On Sun, 17 May 2026 at 01:32, Richard Henderson
<[email protected]> wrote:
>
> Signed-off-by: Richard Henderson <[email protected]>
> ---
> +static uint8_t fcvt_fp8_e4m3_output(FloatParts64 *p, int scale,
> + bool saturate, float_status *s)
> +{
> + *p = parts64_scalbn(p, scale, s);
> + /*
> + * Saturating Inf -> Max handled in uncanon_e4m3_overflow
> + * because there is no infinity encoding.
> + */
> + return float8_e4m3_round_pack_canonical(p, s, saturate);
> +}
The E4M3 conversion code doesn't seem to produce the right
output for an input NaN. This looks like it's because the
fpu/ code isn't special-casing "there's only one NaN value
for this format". Here, if we input a QNaN the scalbn operation
will ignore the specific input NaN and return the default NaN.

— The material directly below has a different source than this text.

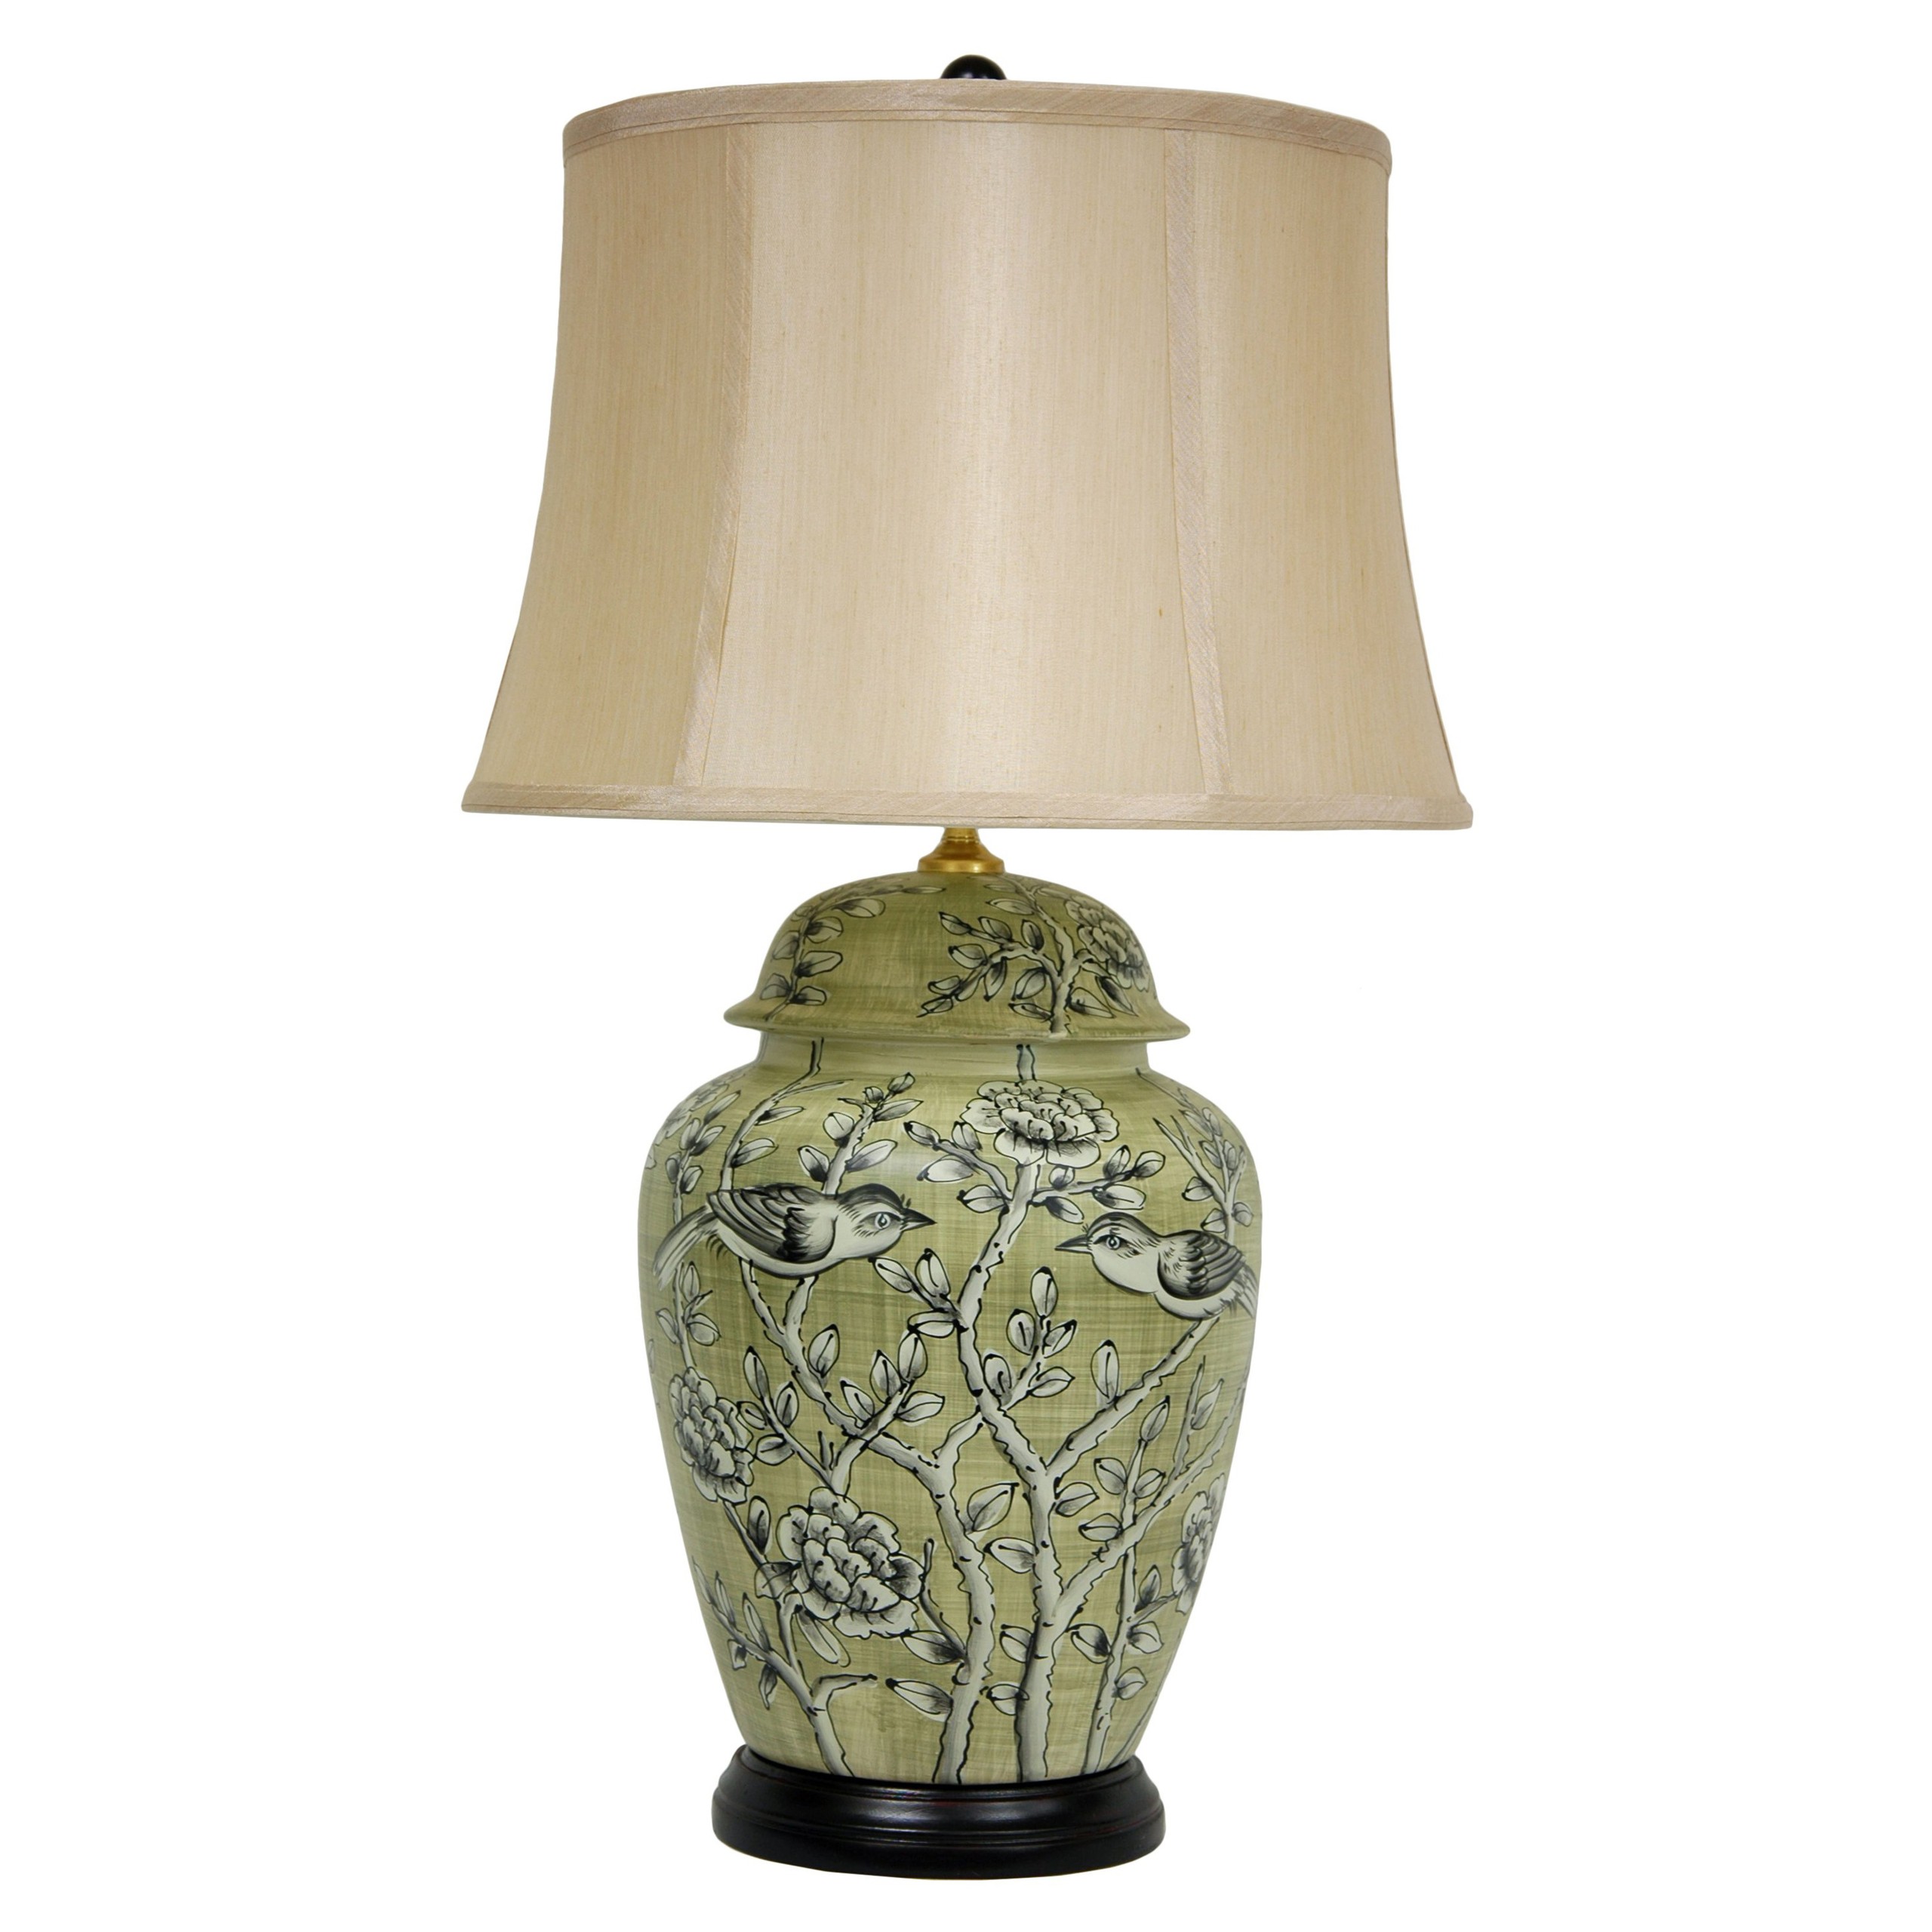 Fine porcelain ceramic vase lamp with a classic ginger jar

There's no special-casing of E4M3 in partsN(default_nan), so
you get a frac value that's based on the default_nan_pattern,
which for Arm has the MSB frac bit clear. Then in partsN(uncanon)

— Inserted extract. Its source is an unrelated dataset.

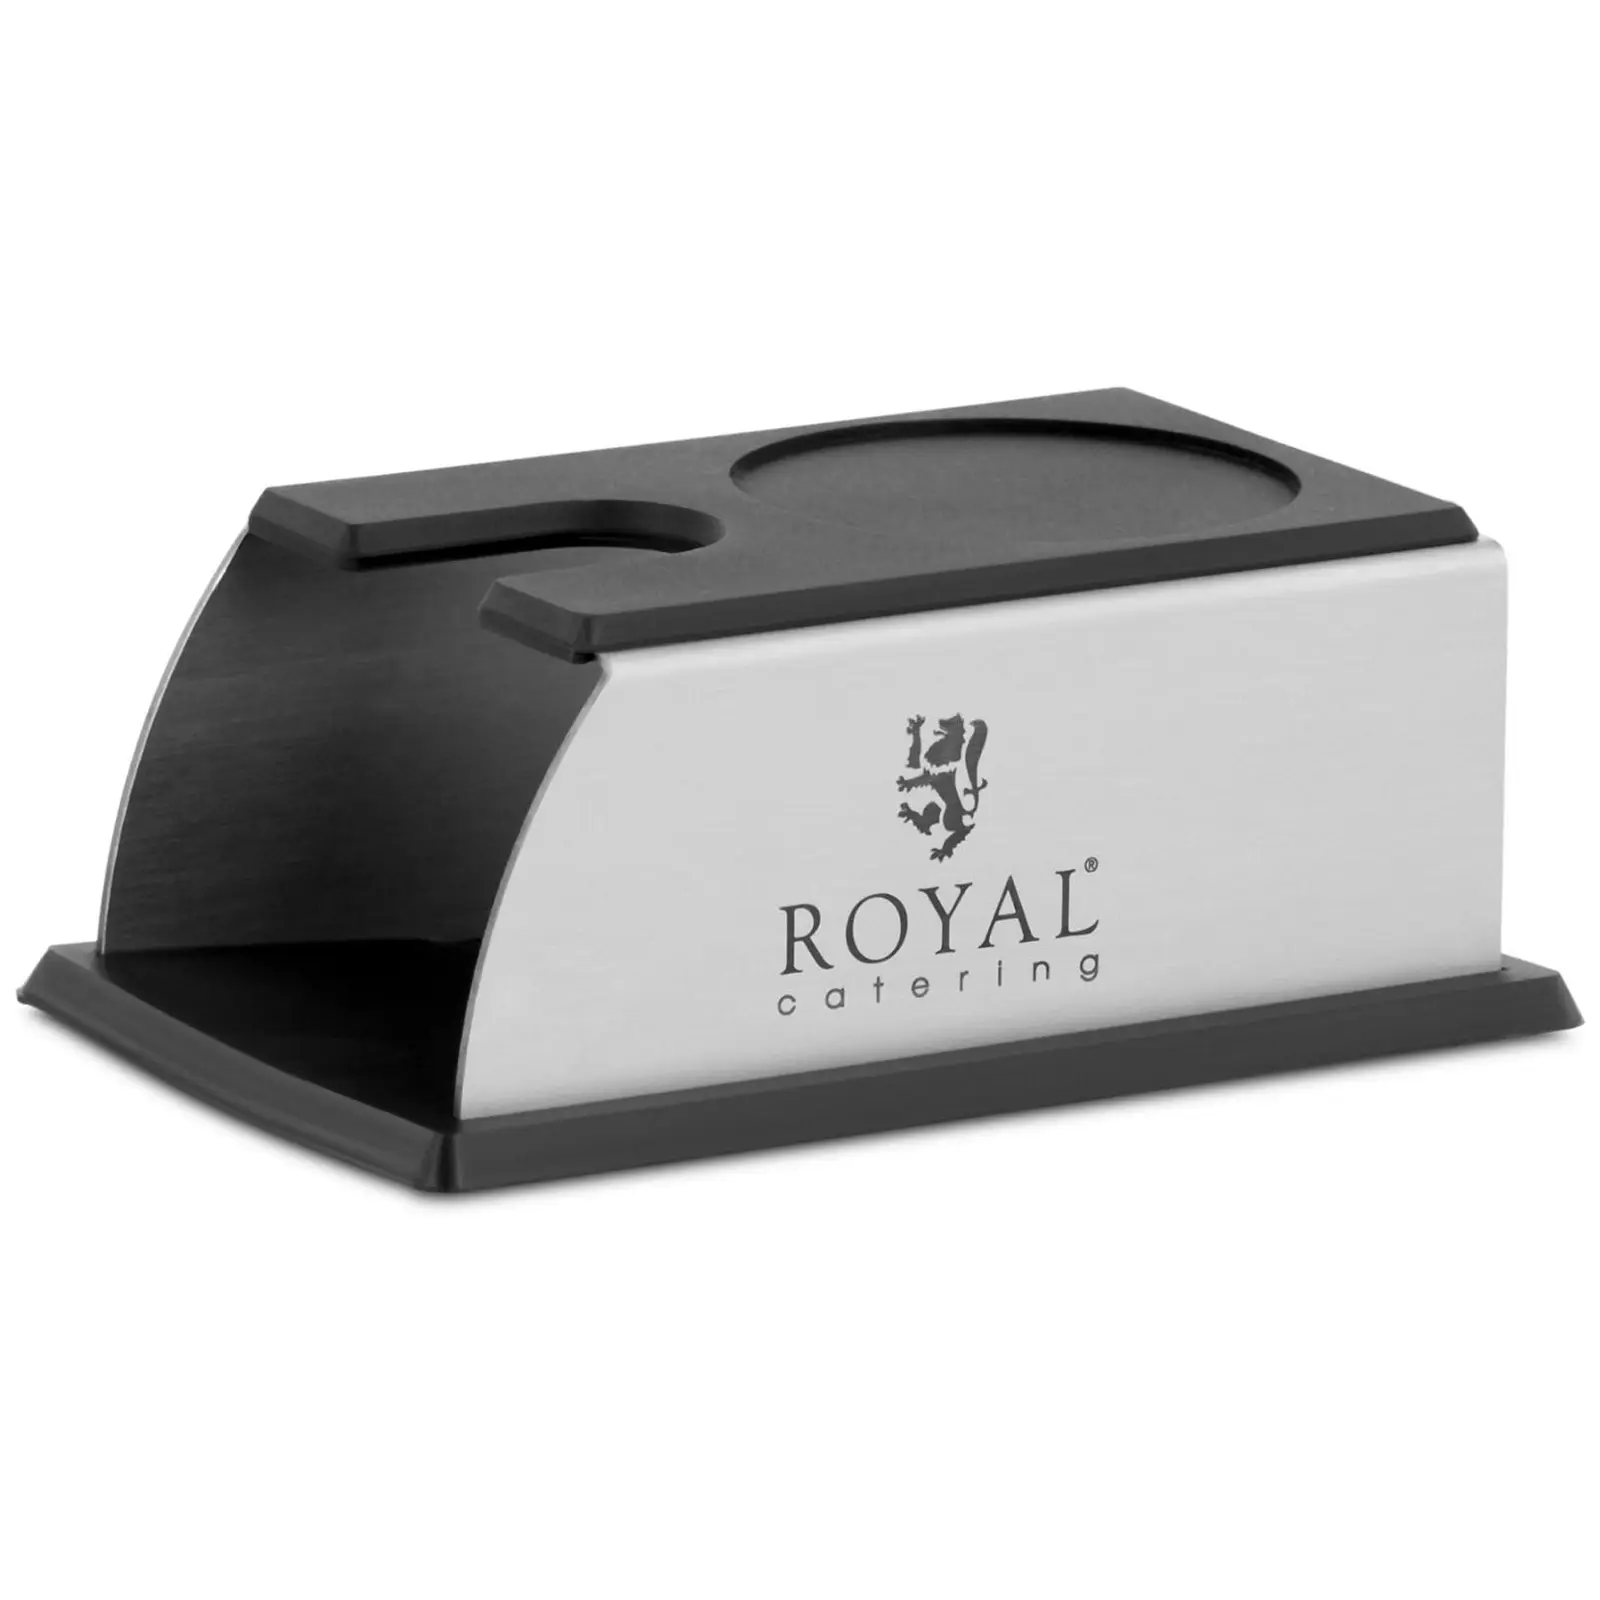 Soporte para prensador de café - Acero inoxidable / silicona - 140 x 93 x 60 mm - Royal Catering

we just move that frac value down into the right place for E4M3,
without enforcing that it really is the all-ones NaN.
I think this should fix this, but maybe there's a better way?
@@ -519,6 +519,14 @@ static void partsN(uncanon)(FloatPartsN *p,
float_status *s,
case float_class_snan:
assert(fmt->exp_max_kind != float_expmax_normal);
p->exp = fmt->exp_max;
+ if (fmt->exp_max_kind == float_expmax_e4m3) {
+ /*
+ * E4M3 has exactly one NaN, with the frac field all-ones.
+ * Using the frac from the input NaN might result in
+ * a non-NaN value.
+ */
+ fracN(allones)(p);
+ }
fracN(shr)(p, fmt->frac_shift);
return;
default:
-- PMM